Examples of ships from our ShipReID-2400 (images in each column are captures of the same ship identity from different cameras). As can be seen, we not only ensure that the captured images are of high quality but also obtain images of the same ship at different locations, angles, times, and weather conditions. For ease of presentation, the images here are scaled.
The overall architecture of our proposed D2InterNet. To address significant scale variation and extract discriminative local features for ship ReID, D2InterNet first uses a dual-branch architecture to independently focus on global and local features, enhanced by a Part-aware Feature Perception Module (PFPM) for better local feature capture. We then introduce Feature Interaction Modules (FIM) and Collaborative Interaction Learning Module (CILM) to interact and integrate features across scales. D2InterNet enables flexible dual-branch training and single-branch testing without additional computational overhead.

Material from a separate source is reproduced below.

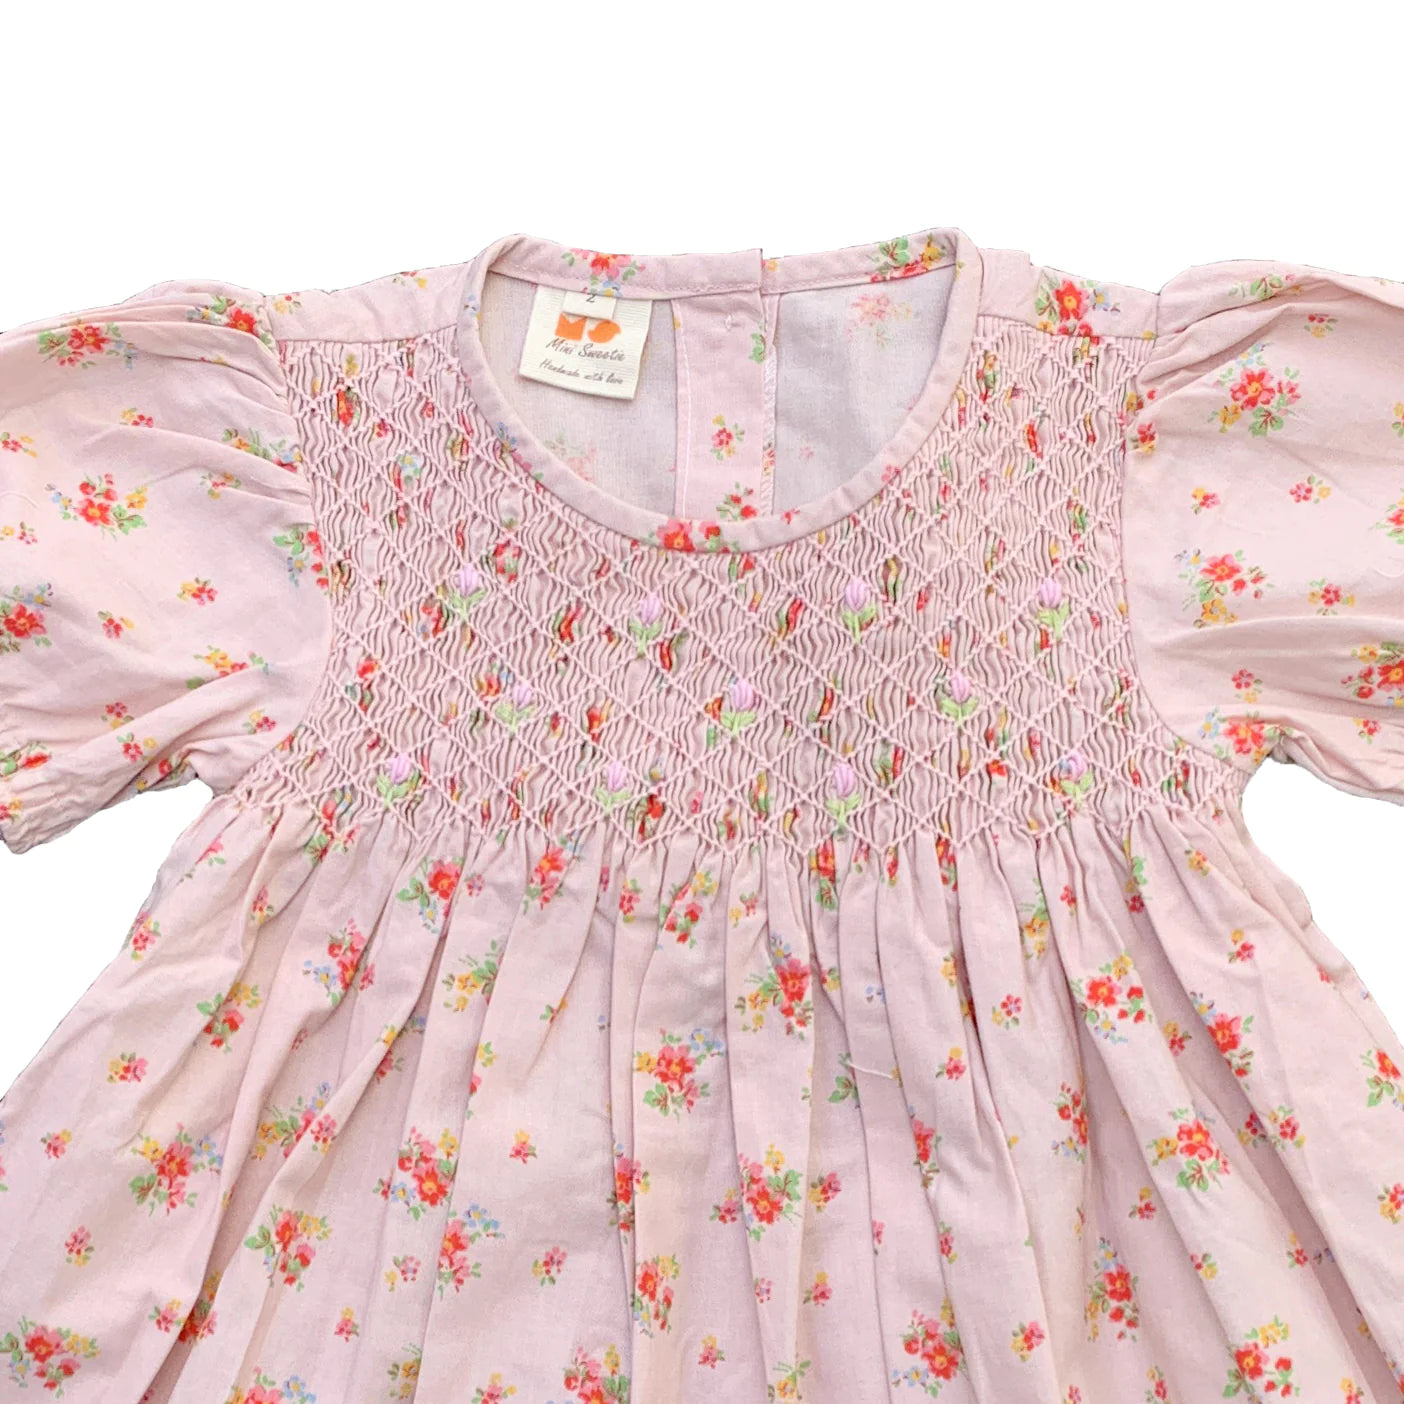 Blooms Apricot Smocked Dress Size 2

Our code operates in an environment with Python 3.8 and Torch 1.9.1, you can use the following code for installation. Please ensure to select the appropriate CUDA version.
conda create -n shipreid python=3.8
conda activate shipreid
pip install torch==1.9.1+cu111 torchvision==0.10.1+cu111 -f https://download.pytorch.org/whl/torch_stable.html
pip install -r requirements.txtBefore formally accessing the dataset, applicants must sign a dataset license agreement(中国境内的申请者请签署和发送中文版数据集版权协议).
Please print the license agreement, hand-sign it, scan the signed document, and email it to us from your official institutional email address to apply for dataset access (mailto: liubaolongx@gmail.com or dongjf24@gmail.com).
Since our data is stored on Google Drive, you will first need to register for a Google Drive account.
Then, please send the dataset license agreement along with your Google Drive account details to us via the application email. Upon approval of the license agreement, we will grant your account access to the dataset.
shipId_camId_idx_imgName
e.g.: 2106_c003_01_T_20180703_15_38_50_734375.jpg
| shipId | camId | Idx | imgName |
|---|---|---|---|
| 2106 | c003 | 01 | T_20180703_15_38_50_734375.jpg |
shipId: Assigned based on ship license plate. Different plates correspond to different shipIds. Range: 0 <= shipId < 2400
camId: Assigned based on camera location. Different locations correspond to different camIds. Range: 1 <= camId <= 8
Idx: Sequence number for images of the same shipId at the same camId. Example: The first image of shipId 2106 at location c003 is "01"
imgName: Original image filename containing the image capture time
The 2400 ship IDs are randomly shuffled and split into train, validation, and test sets in a 0.75:0.125:0.125 ratio:
- Randomly select 1800 IDs → Training Set
- Randomly select 300 IDs → Validation Set
- Randomly select 300 IDs → Test Set
Sets are mutually exclusive. During training:
- Only the training set is used for weight updates
- Validation and test sets are solely for accuracy evaluation (no impact on training)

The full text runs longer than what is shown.